На солдатских лицах заблуждали улыбки.

— Найдутся помощники! Не беспокойся! — донеслись голоса.

Илюшечкин ждал этих возгласов, но, как настоящий артист, не подал даже виду, что рад им.

— Сядет Катя у окна и будет ждать час и еще час…

— Подставляй карман шире, и пяти минут не будет ждать! — донесся снова чей-то голос.

— Сядет у окна, — продолжал невозмутимо Илюшечкин. — А за окном дождь. А в буфете тепло, тихо…

— Это какая же Катя? — раздался чей-то вопрос — В каком буфете?

— Да слушай его! — откликнулся тут же другой голос. — Баба Катя, почтальонша из колхоза!

Солдаты загоготали:

— В самый раз Илюшечкину!..

— А буфетчица замужем. И зовут ее не Катя, а Зоя.

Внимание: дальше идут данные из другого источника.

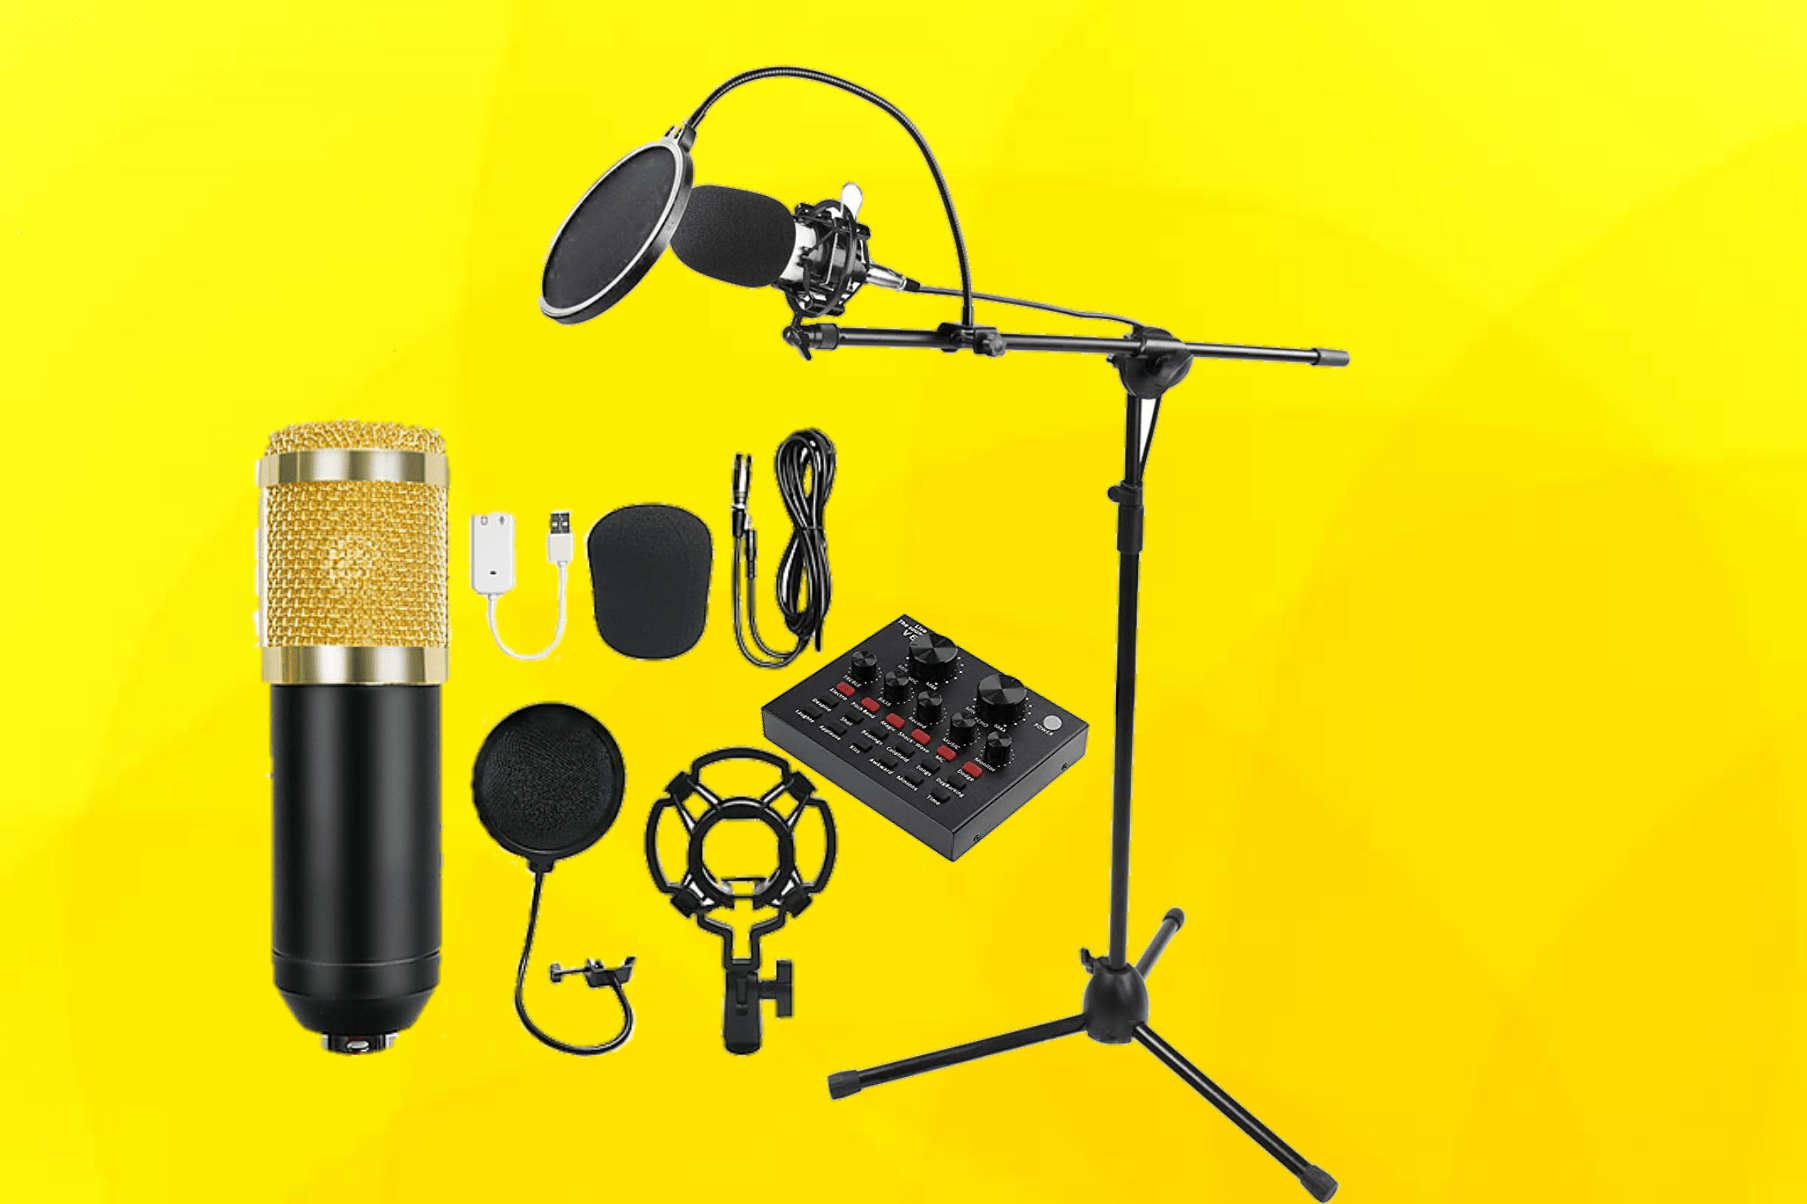 Techtest Mic Stand for Studio Recording Singing Video Floor

Илюшечкин поправил пилотку, сделал руками жест, как бы призывая небо засвидетельствовать со своей высоты, с кем ему приходится сейчас объясняться, и сказал, многозначительно усмехнувшись:

— Отродясь не видывал таких несообразительных. Замужем? Ну и что?

— Буфетчицу зовут Зоей! — с прежним недоумением сказал кто-то. — Зоя, а не Катя.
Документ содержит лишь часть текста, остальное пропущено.